Healthcare will look very different in 2033 as the workforce evolves and systems incorporate digital technology to improve access to care.
The trends we are seeing today will be the same, but they will reach tipping points/breaking points in the next 10 years that necessitate action by the hospitals and health systems. The populations we serve will get older and sicker. Our service utilization will decline, but when used, patients will be more complex and have longer lengths of stay. Younger, healthier patients will seek care through new delivery channels. Margin pressures on health system P&Ls will become thinner, necessitating new care models to maintain sustainability.

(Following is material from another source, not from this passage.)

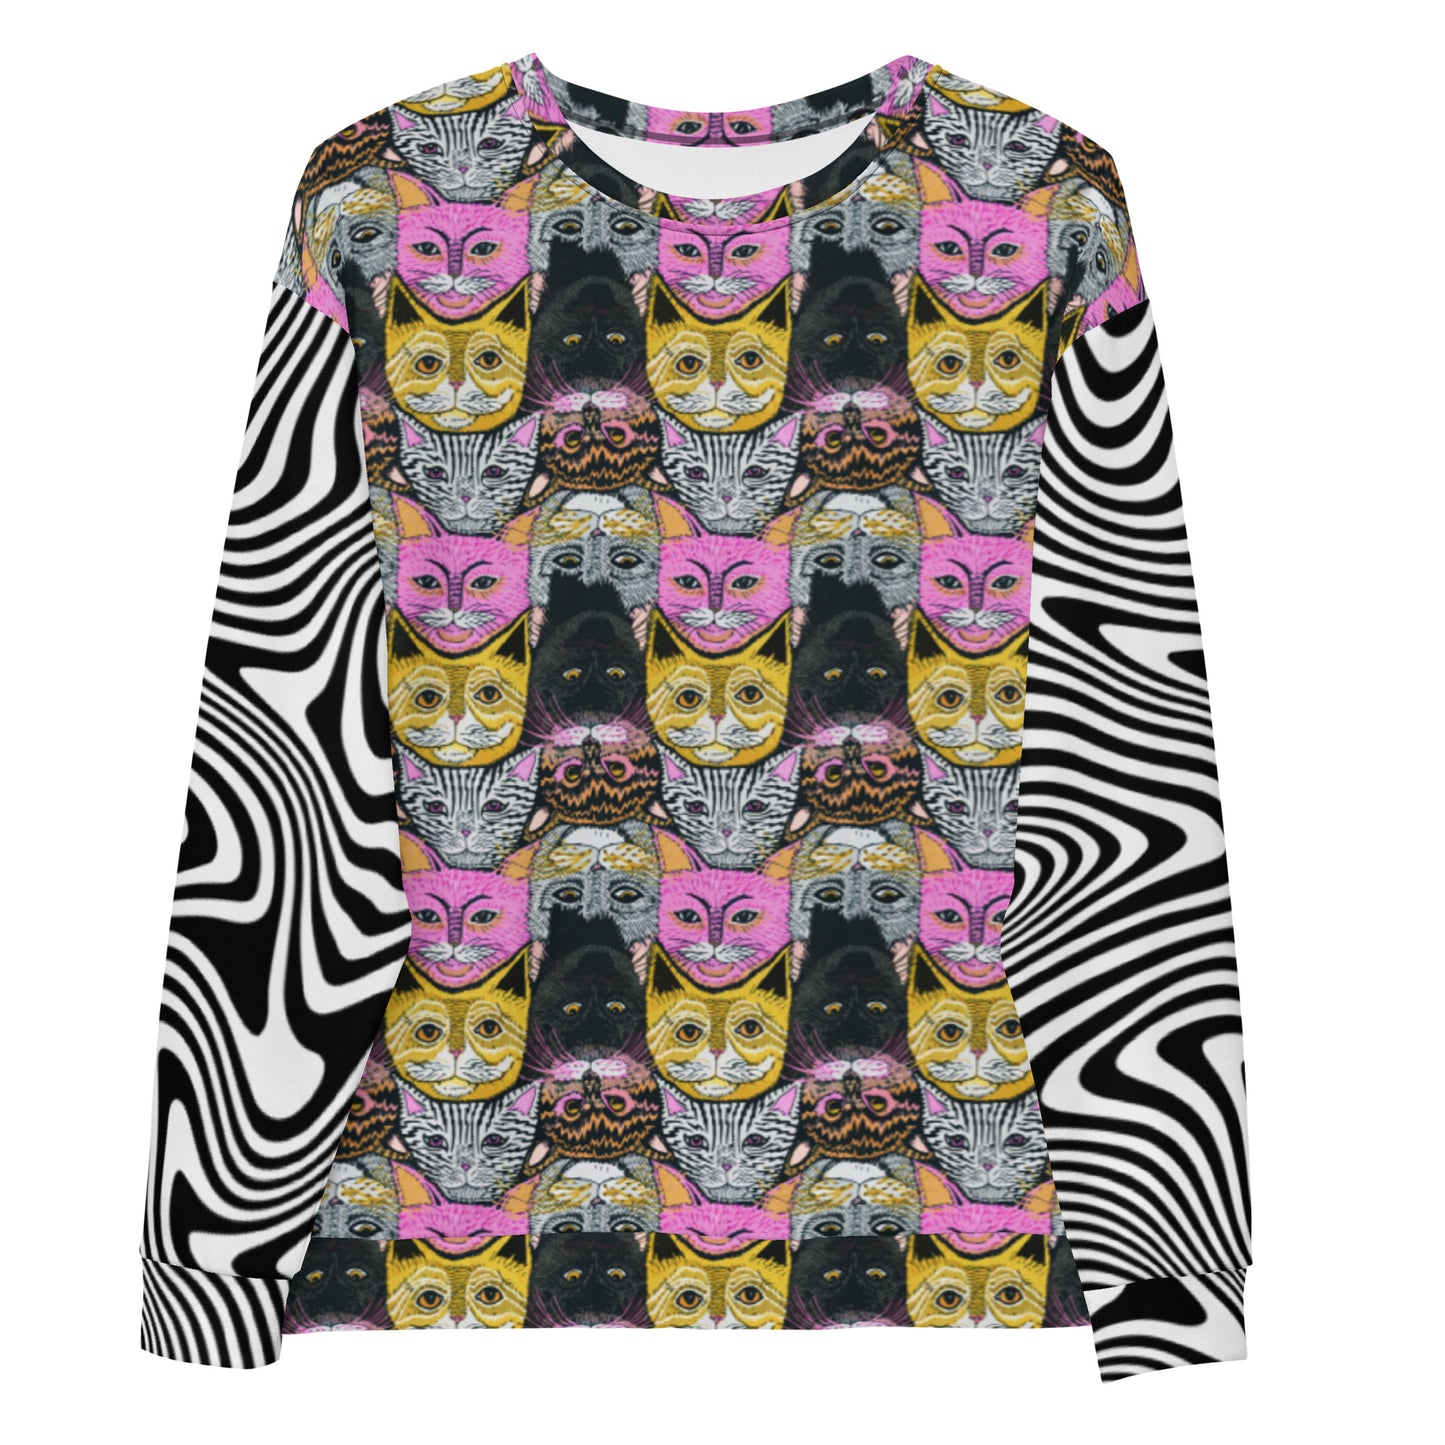 It's Cats Unisex Sweatshirt

Workforce constraints for physicians and nursing will force changes in how care is delivered. New technologies will emerge with new care models/staffing. Funding new capabilities and offsetting the cost of supplies will likely cause the need for larger and larger economies of scale. Pressure to reduce healthcare costs and the availability of some new information may force employers to take actions related to benefits design (more readily accepting of narrowing networks despite the war on talent). However, this will likely happen via brokers and insurance companies versus direct-to-health system relationships [market dependent]. Lastly, new players will emerge in this space.
Continuing to tweak the current model and waiting for the payment system to be the reason we change is a leadership failure in our profession. However, those that have courage and manage well the glide path to the future will be those that succeed.